The current income tax charge is calculated on the basis of tax rates and laws that have been enacted or substantively enacted by the reporting date in the countries where the Company operates and generates income.
Deferred tax balances are recognised in respect of all timing differences that have originated but not reversed by the Statement of financial position date, except that:
∙
The recognition of deferred tax assets is limited to the extent that it is probable that they will be recovered against the reversal of deferred tax liabilities or other future taxable profits; and
∙
Any deferred tax balances are reversed if and when all conditions for retaining associated tax allowances have been met.
Deferred tax balances are not recognised in respect of permanent differences except in respect of business combinations, when deferred tax is recognised on the differences between the fair values of assets acquired and the future tax deductions available for them and the differences between the fair values of liabilities acquired and the amount that will be assessed for tax. Deferred tax is determined using tax rates and laws that have been enacted or substantively enacted by the reporting date.
Exceptional items are transactions that fall within the ordinary activities of the Company but are presented separately due to their size or incidence.

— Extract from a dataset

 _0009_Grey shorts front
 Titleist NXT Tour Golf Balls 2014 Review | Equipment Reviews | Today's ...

Tangible fixed assets under the cost model are stated at historical cost less accumulated depreciation and any accumulated impairment losses. Historical cost includes expenditure that is directly attributable to bringing the asset to the location and condition necessary for it to be capable of operating in the manner intended by management.

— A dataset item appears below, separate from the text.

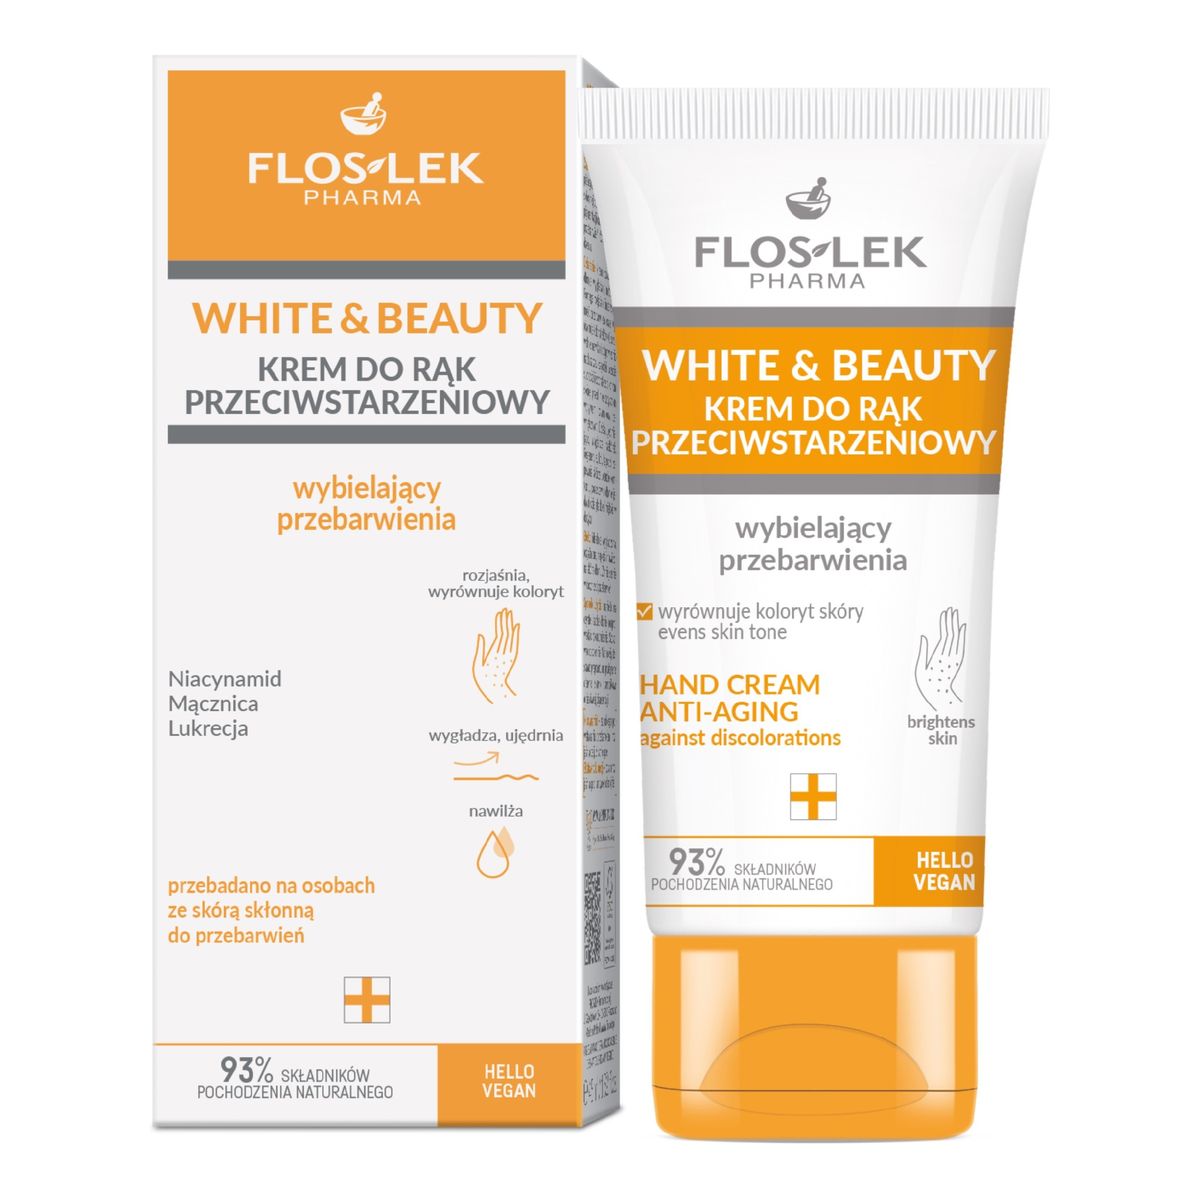 FlosLek PHARMA White & Beauty Krem do rąk przeciwstarzeniowy-wybielający przebarwienia 45ml

Depreciation is charged so as to allocate the cost of assets less their residual value over their estimated useful lives, using the straight-line method.
Depreciation is provided on the following basis:
The assets' residual values, useful lives and depreciation methods are reviewed, and adjusted prospectively if appropriate, or if there is an indication of a significant change since the last reporting date.
Gains and losses on disposals are determined by comparing the proceeds with the carrying amount and are recognised in the Statement of income and retained earnings.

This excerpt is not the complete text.